POSTED BY: Joel Klein
3 Replies
First, I must state that I know very little about regular expressions, so take all of this with a grain of salt.

My guess was that string patterns either translate to regular expressions, or very likely call a regex library behind the scenes.  So, it looks like we need to do some more spelunking today emoticon Trying to find out if the former is the case, I found StringPattern`PatternConvert, which seems to convert strings patterns to regexes.  Whether this is really how string patterns work, or this function is used for something else, I do not know ...  But let's work under the assumption that all string patterns get translated to regexes first.  (I do have to note though that StringPattern`PatternConvert is written in Mathematica, and I can read its code, while Information[] reveals no readable code for StringMatchQ.  Also, Trace, wouldn't reveal any calls to PatternConvert when running StringMatchQ)

Some observations:
  • In regular expressions, EndOfLine corresponds to $.  It indicates not a character, but a position in the string.  $ does not actually consume a character when matching.  It wouldn't make much sense to use $ in a way you used EndOfLine in Except.
  • In string patterns, Except is only allowed to contain a single character, but not a full word or a full pattern.  Except["word"] issues an error.  However, it is allowed to contain a list of characters too, as in Except[{"a", "b", "c"}].

Now let's see what Except translates to:  StringPattern`PatternConvert[Except["a"]]  -->  {"(?ms)[^a]", {}, {}, Hold}  So it translates to character classes. The "(?ms)" part is documented --- it indicates that newlines are allowed in the string.

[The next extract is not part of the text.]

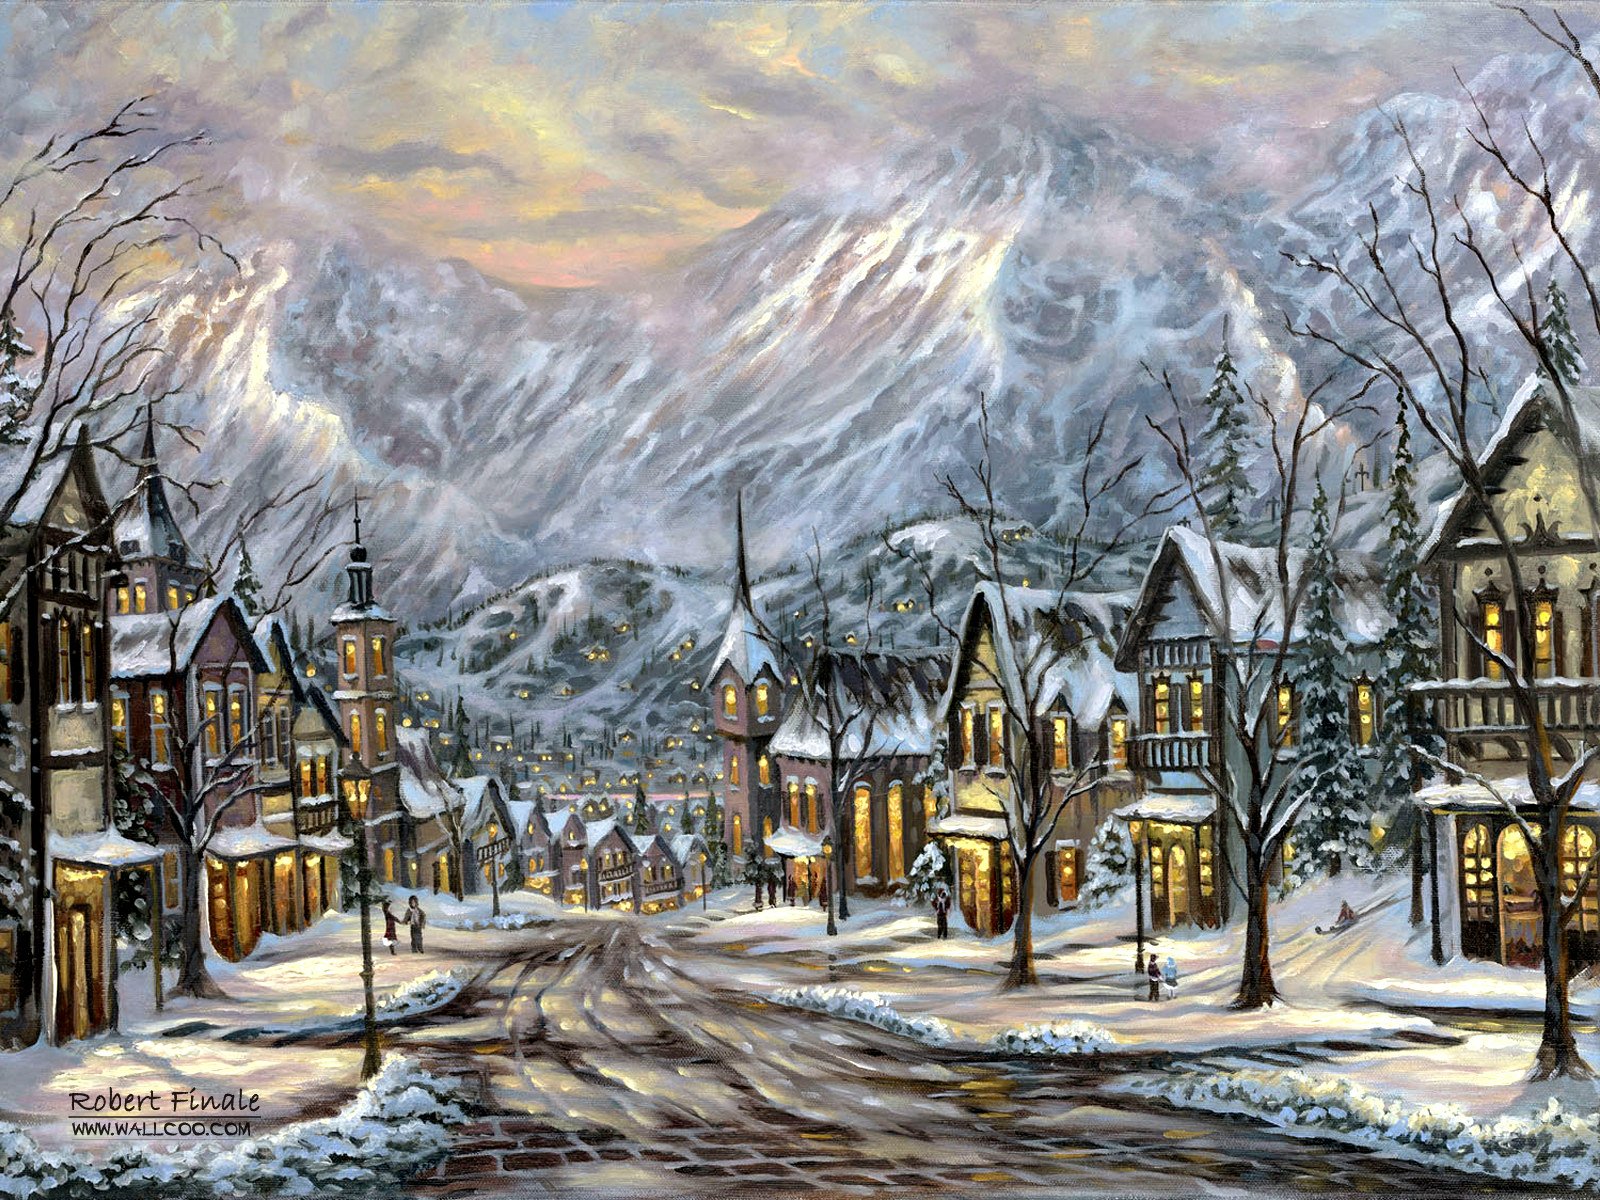 Winter in Austrian Mountain Village by Robert Finale

With more than one character, we get what one would expect, a character class with several characters: StringPattern`PatternConvert[Except[{"a", "b", "c"}]] -->  {"(?ms)[^abc]", {}, {}, Hold}

$ can't be used as an end-of-line indicator in character classes, so let's see what Except translates to:  StringPattern`PatternConvert[Except] --> {"(?ms)(?!$)", {}, {}, Hold}

I had to look (?! ... ) up: http://www.regular-expressions.info/refadv.html  It says, "Zero-width negative lookahead. Identical to positive lookahead, except that the overall match will only succeed if the regex inside the lookahead fails to match."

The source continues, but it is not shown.